UK natural gas company BG Group Plc (LON:BG), with a current market capitalisation of USD60bn (EUR45bn), could become a takeover target for big oil firms, following a decline in its valuation by half in less than two years, Bloomberg cited today analysts as saying.
BG, which reported a 26% decrease in its stock price last year, expects project delays to impede its output growth in 2013. Jane Coffey, head of UK equities at investment manager Royal London Asset Management (RLAM), told Bloomberg that there was a danger for the UK firm to be bought by an “opportunistic” large company at a very cheap price.

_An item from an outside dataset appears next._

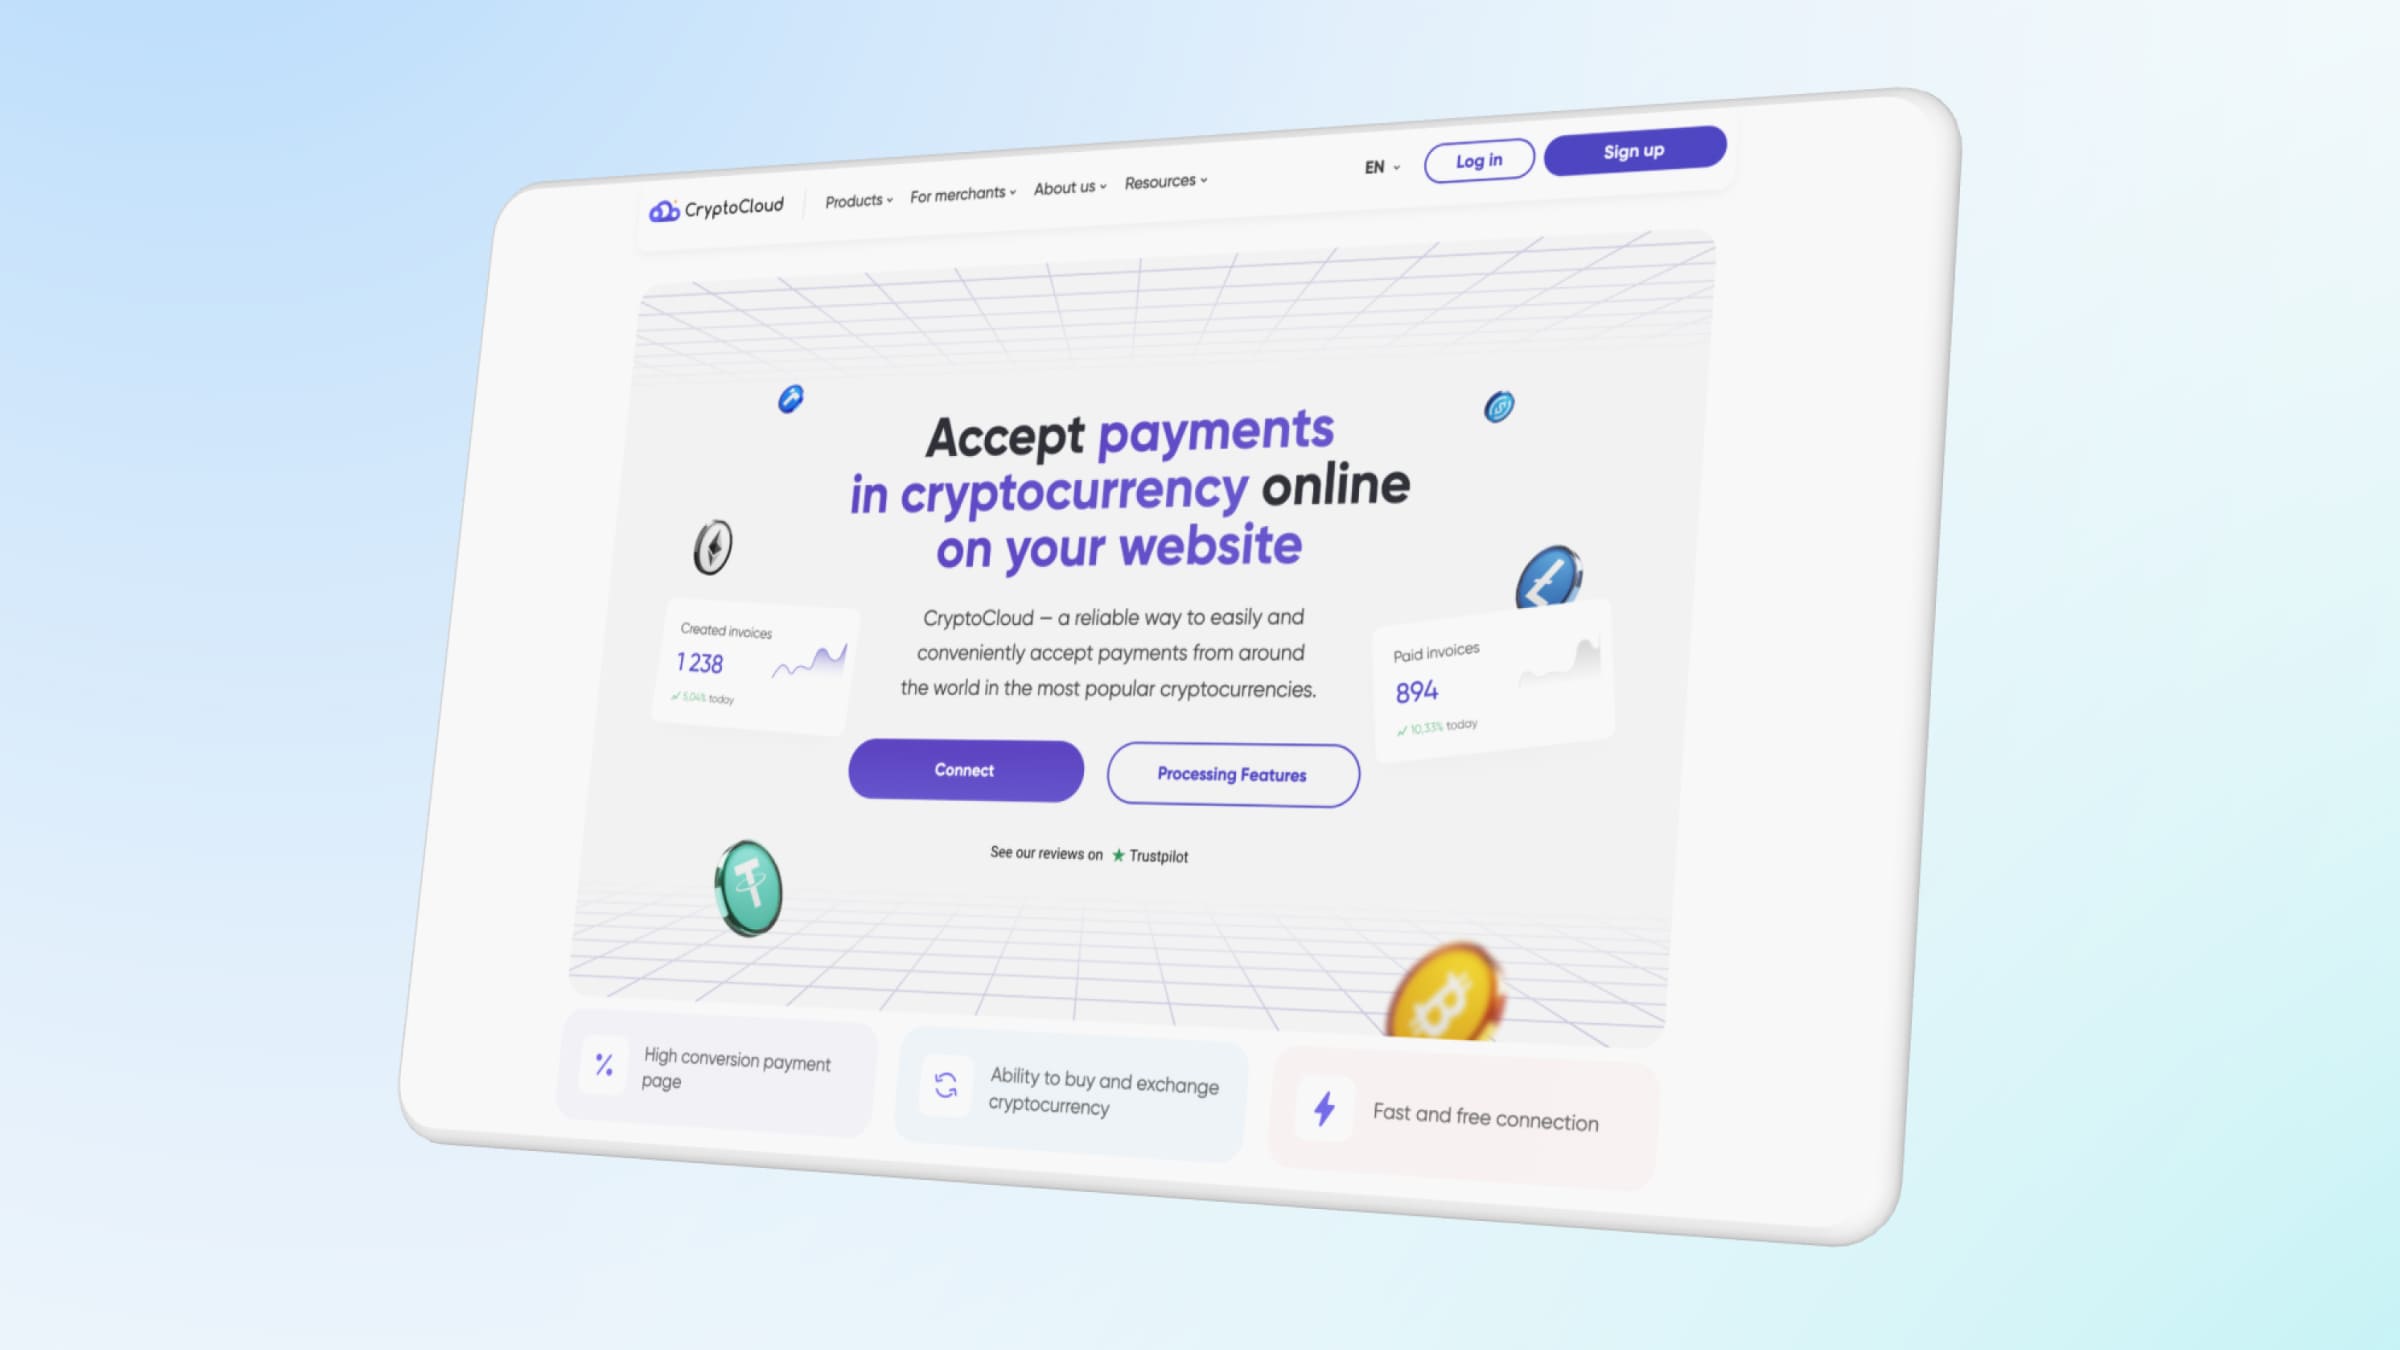 CryptoCloud automatically converts amounts to be paid and verifies transactions.

According to UK investment manager Brewin Dolphin Ltd, US oil group Exxon Mobil Corp (NYSE:XOM) could be interested in BG to help it revive its growth. Nplus1 Singer Advisory LLP believes that UK’s BP Plc (LON:BP) could welcome a combination with BG as it would enable it to contest the European leadership of Anglo-Dutch oil major Royal Dutch Shell Plc (AMS:RDSA).

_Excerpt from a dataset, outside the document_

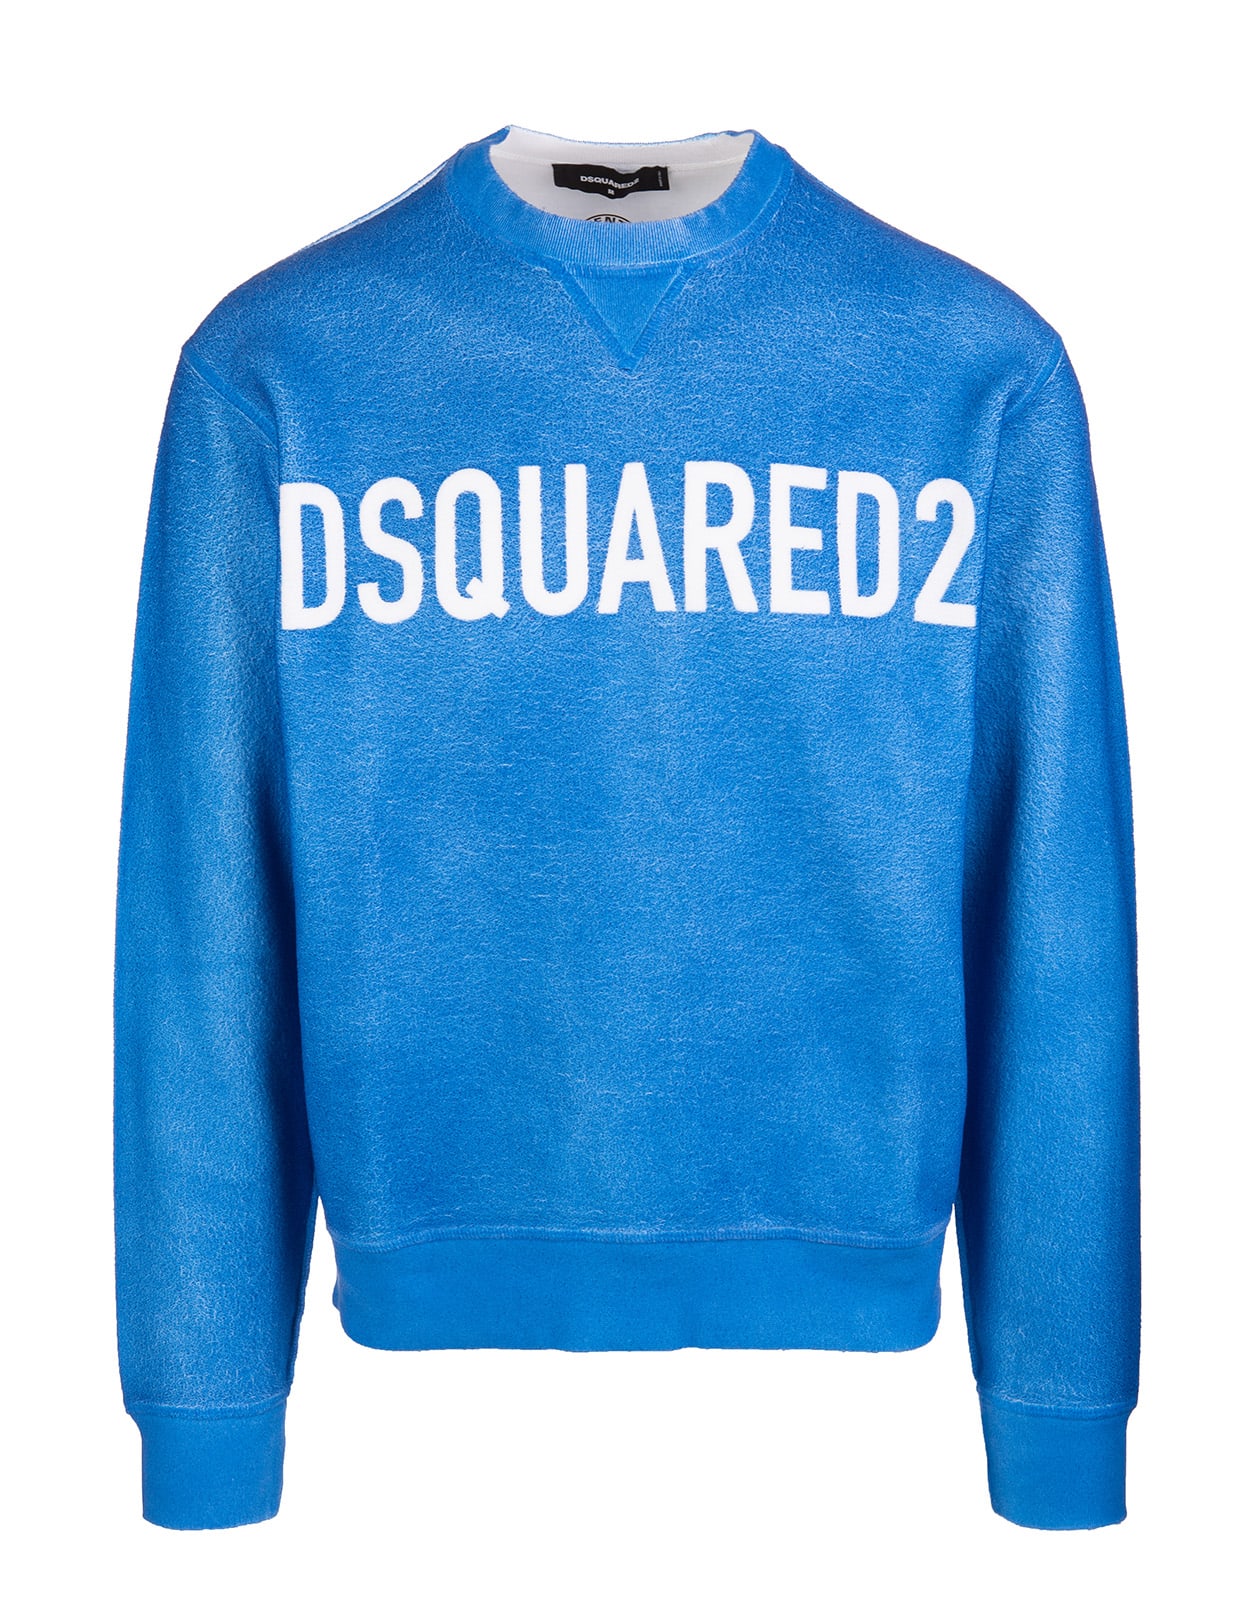 Dsquared2 Man Blue Airbrush Cool Sweater

Neil Burrows, a spokesman at BG, refused to say whether the company was considering a sale. Patrick McGinn, a Houston-based spokesman for Exxon, did not wish to say if the company was interested in buying BG. Bloomberg could not extract a comment from Sheila Williams, a London-based spokeswoman at BP, either.
China Petroleum & Chemical Corp (HKG:0386), or Sinopec, Cnooc Ltd (HKG:0883) and China National Petroleum Corp (CNPC) are also considered to be among the interested buyers. Bloomberg could not contact representatives of the three Chinese companies outside normal business hours.